In my previous post, we began a configuration process to reproduce a simple targeted Search solution in SharePoint 2010 that was once configured in SharePoint 2007. The array of differences in the configuration were much more plentiful than I expected, and thus required a little more work than the original setup. However, the process can still bring us to the solution despite the changes that made the recreation more complex.
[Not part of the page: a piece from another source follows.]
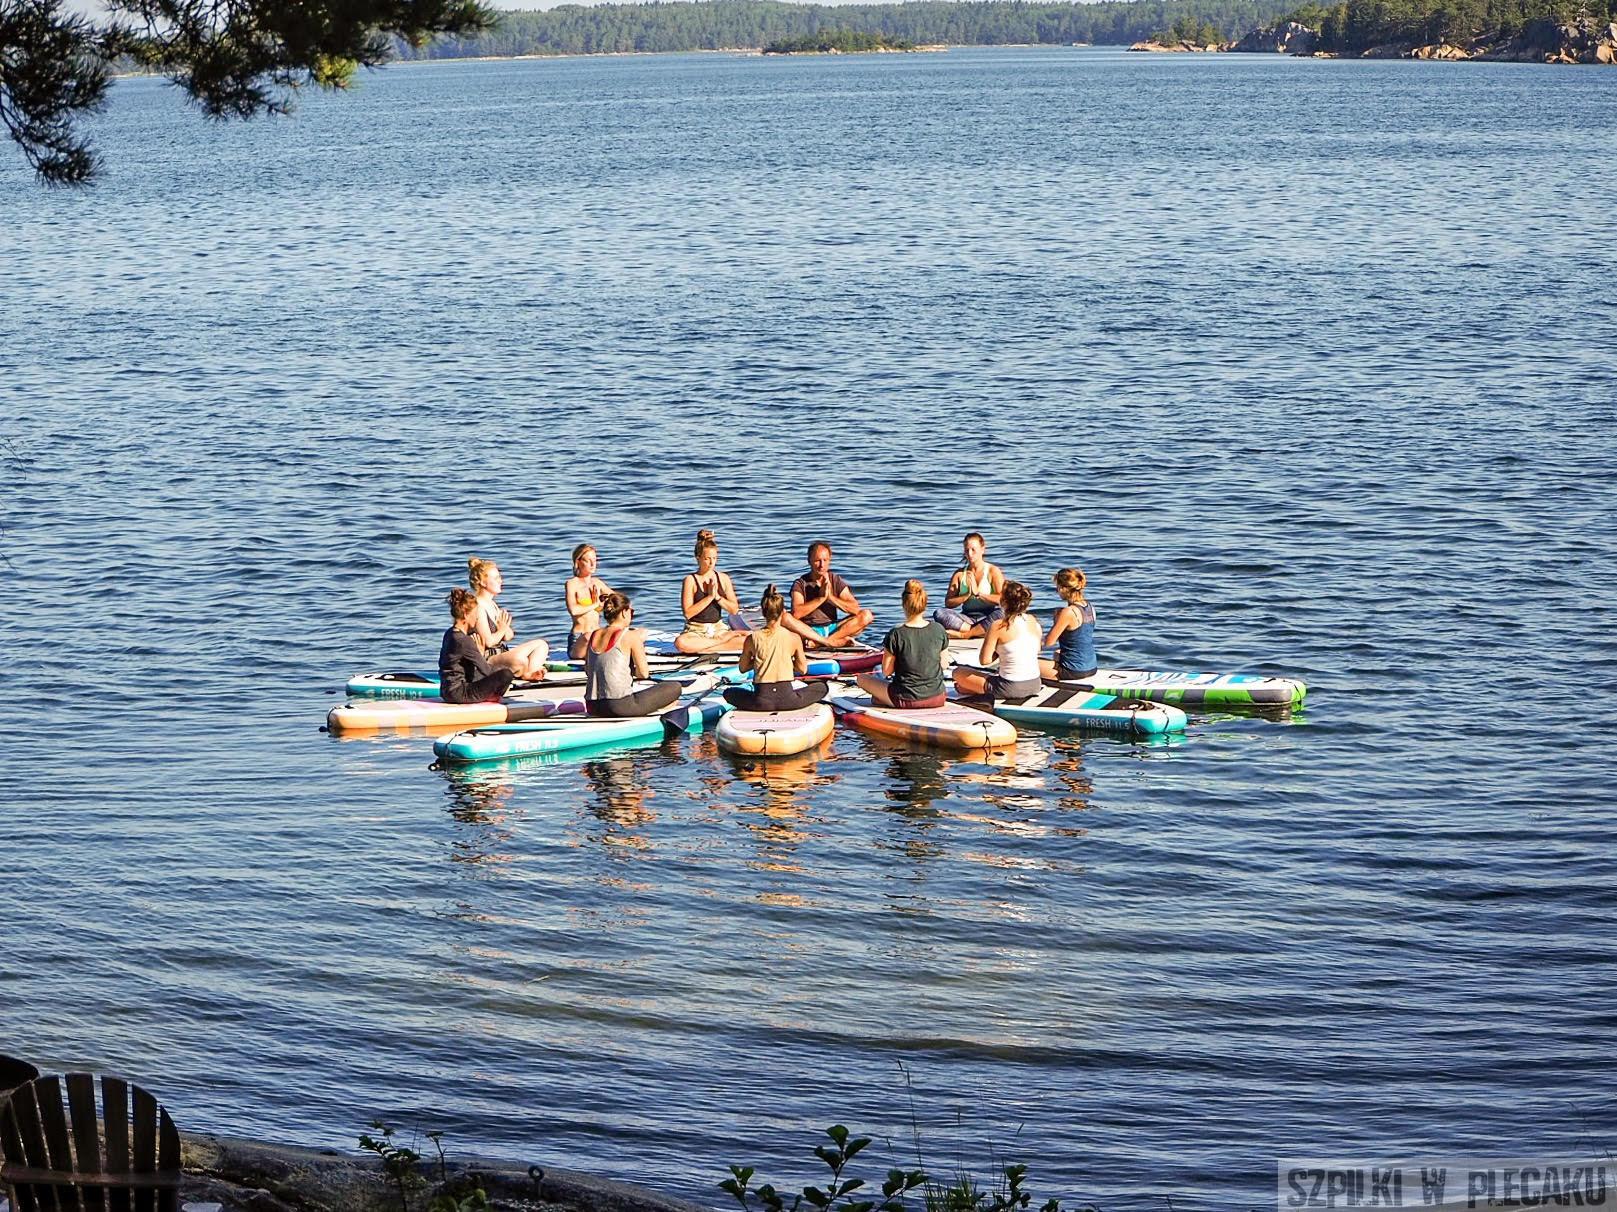 #gobackpack camp - Szpilki w plecaku - Szwecja - yoga

We began with setting up the simple content architecture with a Web Application and a four-Site Site Collection, and proceeded to create the Search Service Application (SSA) needed to meet our Search Service requirement. At this point, the configuration of the Content Sources, the Scope for the target and the custom Web Pages in the Search Center still need to be completed, all of which we will continue with here in this post.

Content Sources Overview

In order for any content to be discovered through a Search query, a Content Source must be created and configured. This Content Source defines what network endpoint SharePoint will identify as a location of stored content and uses Hosts, also known as Start Addresses, to define what points in that network source SharePoint will crawl. Additionally, file types must be defined for SharePoint to identify, by a simple file extension, what is considered content by both the user and by SharePoint. Furthermore, SharePoint requires a special interpreter called an Index Filter (or iFilter) to open and understand how to read the content in the designated content node so it can create the entries in the Index Partition and other databases. Thus the Content Source is heavily used by the Crawl Component to find and index content for search usage.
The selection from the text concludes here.